I let you know that in the *evening* (? _I am not sure about "evening" because the word is difficult to read_) I got your letter you sent to Bucarest/in Bucarest and now I am in Arad. I went to your house, too, and now I am going on to Vienna and *?* (_I can't read this word_) back to Bucarest. We are transporting pigs - this will be my task from here on, so you can see I am at not a bad place.

*I send you my love* from home (_literally: "I kiss you", which is a common closing phrase in Hungary but I think it is not so usual in English_),

Love, 

Jani

I went home for Pentacost, only *you didn't *(_I'm not sure of this_). The train is shaking (_maybe it is not very idiomatic in English_) a lot, that's why I'm writing like this (_he refers to his illegible handwriting_)."

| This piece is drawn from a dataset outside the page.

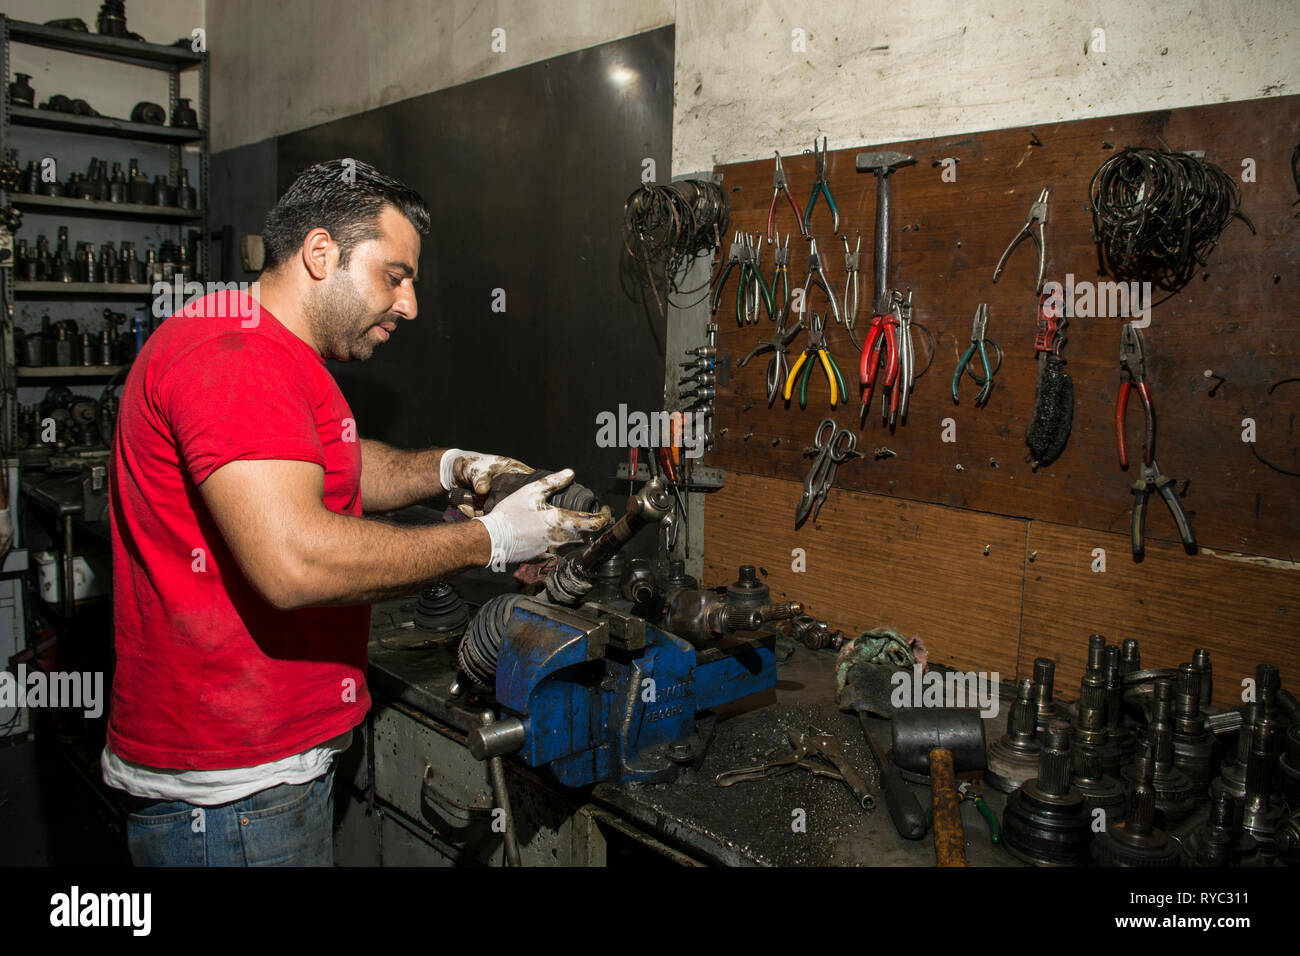 Mechanic working in garage Stock Photo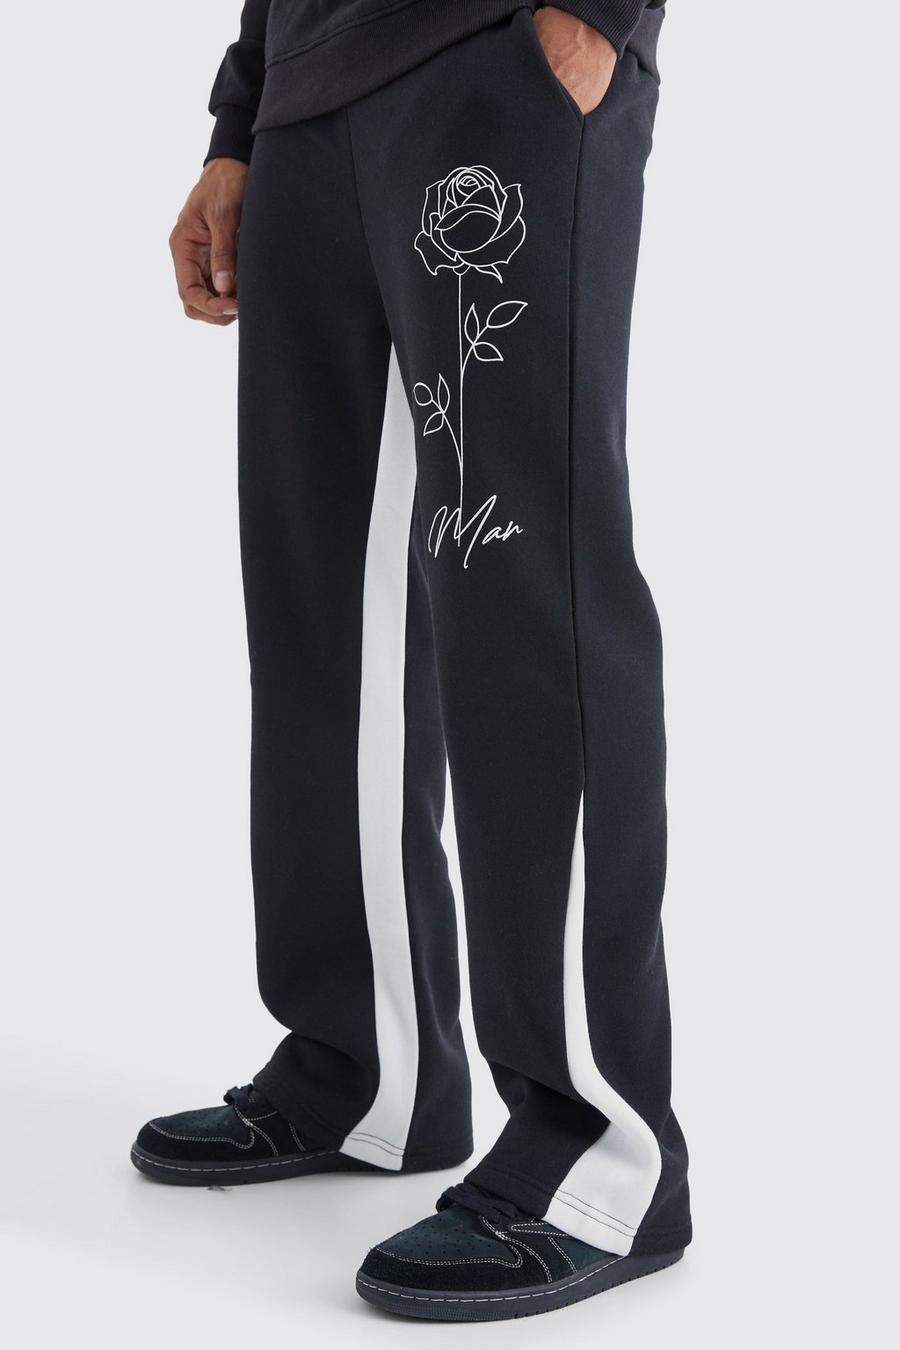 Pantalón deportivo MAN con refuerzo y estampado de rosas, Black image number 1

That's it. Others might be able to figure out the words I couldn't read.


----------



## Greenunicorn

Hi Zsuzsu!
Thank you very much for your efforts! I was expecting a more romantic message, since the front of the postcard is quite romantic  But it's still very interesting! If you want to see the postcard, follow this link to my blog: http://lachrysomelereveuse.blogspot.com/2009/06/from-jani-to-klari.html
Thanks again!!


----------



## Zsanna

Hello all,

I can't see any of the two links with the original handwriting fully but for the beginning I'd say that it is not "in the evening" but, in Hungarian: "de Bukerestbe" (= but in Bucarest), so "I (would like to) let you know that I received your letter in Bucarest..." (and not where he is at the moment).
I would also add that as it is written using the formal way of addressing, we cannot know really what the connection was really between Jani and Klári. 
Unfortunately, even the postcard itself does not help in that. (I find it strange if a man sends a card _about_ a woman _to_ a woman... Maybe he didn't have a choice.)


----------



## Greenunicorn

Thank you, Zsanna! Yes, that is quite intriguing...Hmm, who knows what story lies behind it...


----------